Alba, la bimba down adottata da papà single
La storia di Alba, la bimba down adottata dopo essere stata rifiutata da 30 famiglie: "La sindrome di down non è una malattia ma un modo di essere".
La storia di Alba, la bimba down adottata dopo essere stata rifiutata da 30 famiglie: “La sindrome di down non è una malattia ma un modo di essere“. Alba è una bambina che è stata abbandonata dalla mamma perché affetta dalla sindrome di down, dopo essere stata rifiutata da ben 30 famiglie, ad adottarla è stato un papà single.
La loro storia ha commosso tutti, Luca Trapanese è l’uomo che ha voluto prendersi con sé Alba e ha voluto spiegare che la società in cui viviamo non è pronta ad affrontare la disabilità e quel rifiuto da parte di 30 famiglie è una responsabilità di tutti.

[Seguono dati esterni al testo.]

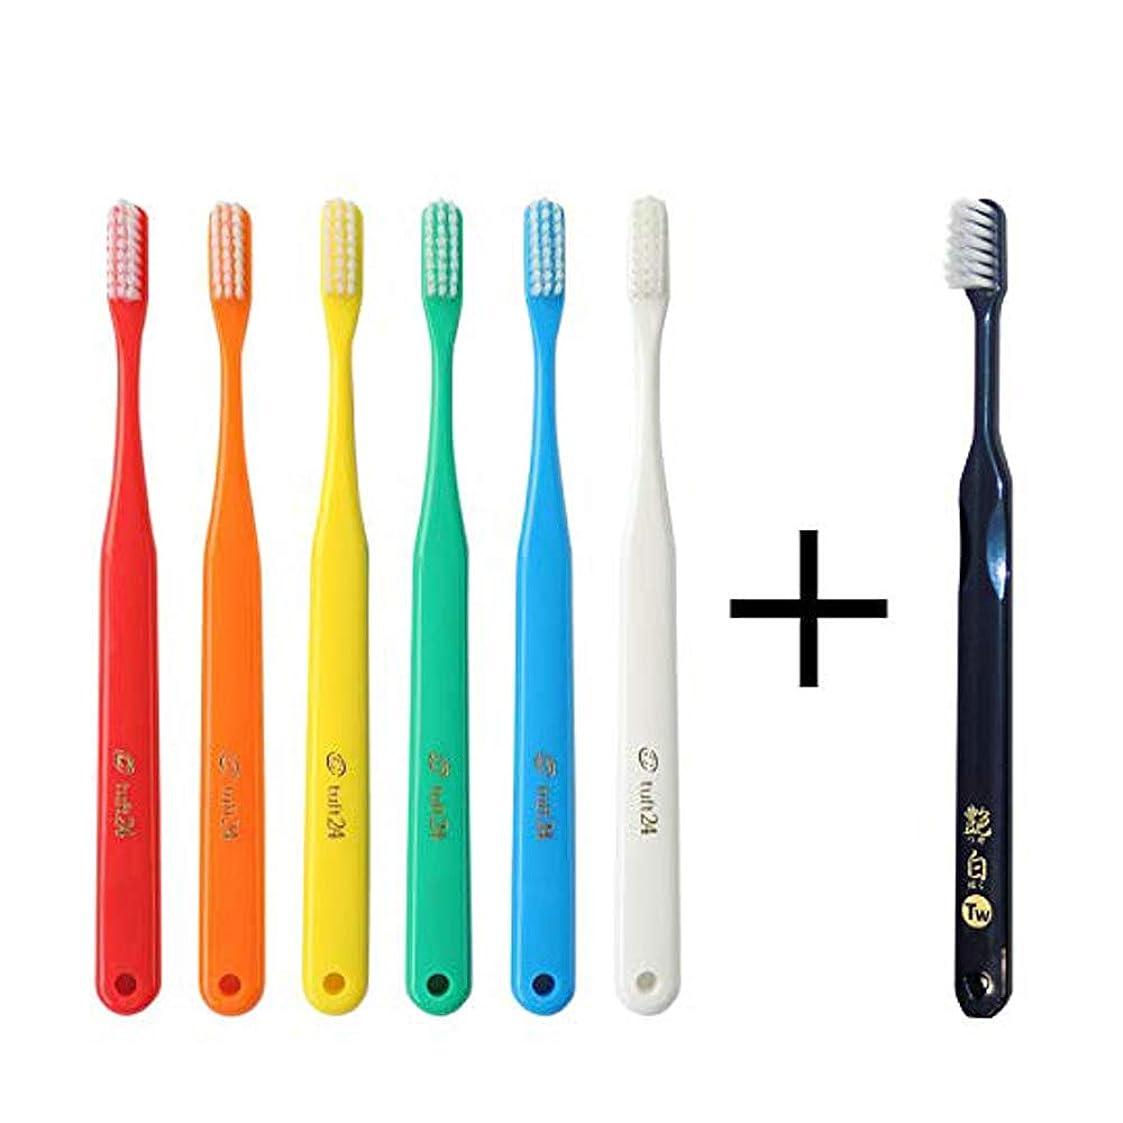 ドリンク焦げ雲タフト24 歯ブラシ × 10本 (MS) キャップなし + 艶白ツイン ハブラシ (MS やややわらかめ)×1本 むし歯予防 歯科専売品

Luca e Alba sono ormai una famiglia a tutti gli effetti, Luca nel gennaio del 2017 aveva presentato la richiesta di affido per un minore che il Tribunale non riusciva a collocare in una famiglia “tradizionale”, così a luglio dello stesso anno, il Tribunale ha affidato Alba all’uomo. La bimba aveva appena 30 giorni ed è affetta dalla sindrome di down, nessuno voleva adottarla ma Luca, papà single e omosessuale, se l’è presa con sé. “Io dirò ad Alba che non è una bambina malata e cioè che la sindrome di down non è una malattia, ma un modo di essere. La madre l’ha lasciata in ospedale perché sapeva che sarei andato a prenderla. Questo racconterò un giorno ad Alba“.
Nel nostro Paese, secondo l’articolo 44 della legge 184/1983, una persona single può chiedere l’affido preadottivo di un minore in diversi casi, ad esempio perché non sono state individuate delle coppie idonee o perché nessuna famiglia “tradizionale” è disponibile a prendersi cura di un bambino oppure se esistono condizioni di disabilità.
Luca ha spiegato: “Sarebbe semplice dire che quelle coppie l’hanno rifiutata. Non si pensa che quelle coppie hanno dovuto ammettere di avere una loro disabilità, perché non possono avere figli. Magari sono coppie che per anni hanno provato a fare l’inseminazione artificiale e non ci sono riuscite. Si sono poi dovute orientare verso l’adozione, farsi giudicare, giustamente, dai servizi sociali da un percorso lunghissimo con le psicologhe. Poi c’è l’attesa, l’idoneità all’adozione e poi all’improvviso ti chiamano e ti dicono che c’è un neonato. Che è quello che tutti vogliono. Ma ha 30 giorni e la sindrome di down. Molto spesso mi interrogo su questi no, perché ci sono stati?“.
Secondo Luca, oggi una coppia che ha un figlio disabile viene vista come una coppia sfortunata che deve affrontare tantissimi problemi burocratici, non c’è quindi un accompagnamento psicologico, “quando nasce un bambino disabile, la coppia se lo porta a casa e rimane da sola. Queste persone sono impreparate. Oltre alla fatica dell’accettazione devono vivere anche l’abbandono da parte delle istituzioni. Io dico sempre, quindi, che questo non è un no di 7, 20 o 30 famiglie. Ma è un no di una società”.